物騒で不毛な競技のルールについて相談するエヴァパイロットたちの横で、ジョウロを握っている加持リョウジにとって、彼が丹精こめて育てたスイカ畑もまた、そんな存在なのだった。
 
 
 
 
 
 
 
 
 さて、場面をリアルタイムへと戻そう。
 
 
 
 「‥‥食用果実発見」
 
 森のなかで枯れ枝を拾っていたレイは 木苺の茂みを見つけた。試しに一つ食べてみると‥ほど良く熟している。
 
 レイは 何事か呟きながらフキの葉を丸めて円錐形のカップを作り、それに木苺を集め始めた。無論のこと 彼女の脳裏にあるのはシンジの笑顔である。
 
 「‥‥碇君に、食べてもらうの‥」
 
 
 
 
 
 
 
 
 「ふっ ファーストは付いてきてないようね‥」
 
 一方、アスカは薪集めのふりをしながら 森の中を歩いていた。
 レイの姿が視界内に無いことを確かめてから、薪を置いて足を速める。目指すのはシンジがいる筈の泉。
 
 森の小道を歩き‥程なく目標の泉へと到着する。
 
 
 泉は池に近い大きさである。水は澄んでおり、底はかなり深い。僅かだが、泉と小道の接点に水がこぼれている。

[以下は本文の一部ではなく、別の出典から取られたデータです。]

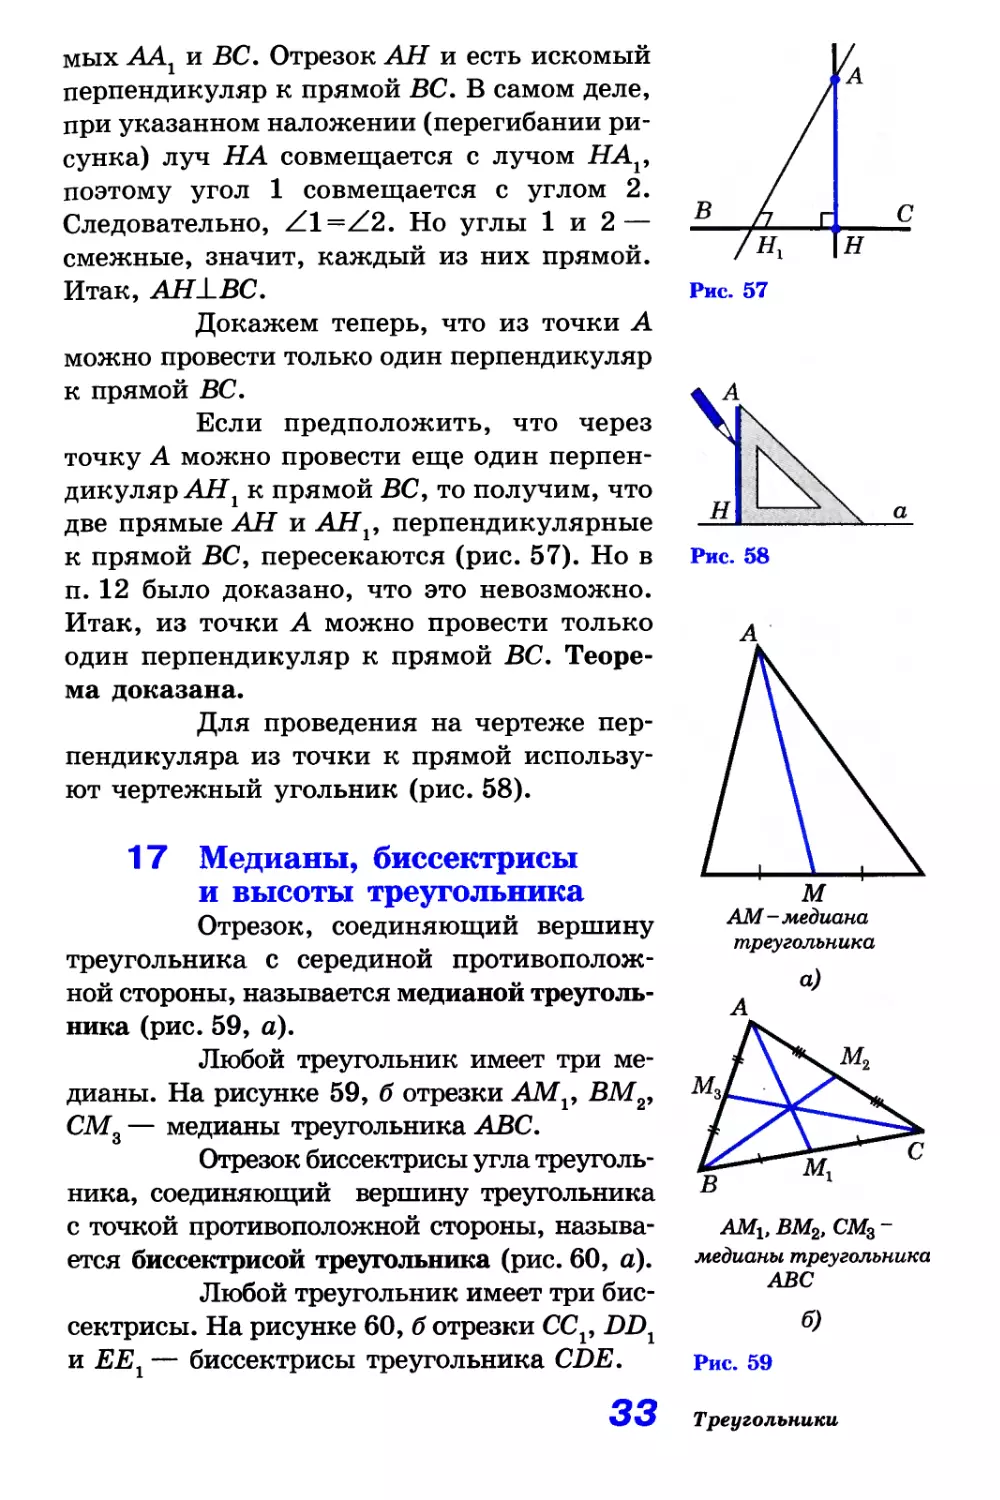 17. Медианы, биссектрисы и высоты треугольника

 シンジが水汲みの際にこぼしたのだろう‥この泉で間違いなさそうだ。
 
 
 
 
 
 
 
 「あれ‥ アスカ何故ここにいるの?」
 
 泉へ、布バケツを片手に四回目の水汲みにやって来たシンジは 泉の傍に立つ朱金の髪の少女へ声をかけた。
 
 「ふふん。シンジが大変だろうから、手伝いにきてあげたのよ♪」
 
 同居人の少女は腰に両手を当てた、独特のポーズをとって答える。  
 
 「そ、そう‥」
 
 「何よ、このアタシが折角来てあげたのに嬉しくなさそうね」
 
 「え、いや そんな事は無いよ‥うん。 ‥‥だったら最初から三人で水汲みに行けばいいことじゃないか‥
 
 小声の愚痴に ピクリ とアスカは反応した。  うわっ聞こえちゃった?  と本気で怯えるシンジに 
 
 
 「‥‥だって、シンジと二人っきりになりたかったから‥」
   
 と 言って、アスカはそっぽを向いてしまった。
 
 
 「えっ?」
 
 シンジは 己が耳を疑う。
  (‥え? ええっ?  ‥‥何が?   あ そうかアスカは僕をからかってるんだ‥ そうだよね、アスカが本気でそんなこと言う訳ないよね)
  そして自虐的な結論に達した。
 
 言いたいことを言い過ぎてしまったアスカは、耳まで真っ赤になっているのだが‥ 
 自虐モードへ入っているシンジは気が付かない、とゆうかそもそもアスカの顔を見てもいない。
 
 
 
 しばらく固まっていた二人だが、間の緊張に耐えきれなくなったシンジは水汲み作業を開始した。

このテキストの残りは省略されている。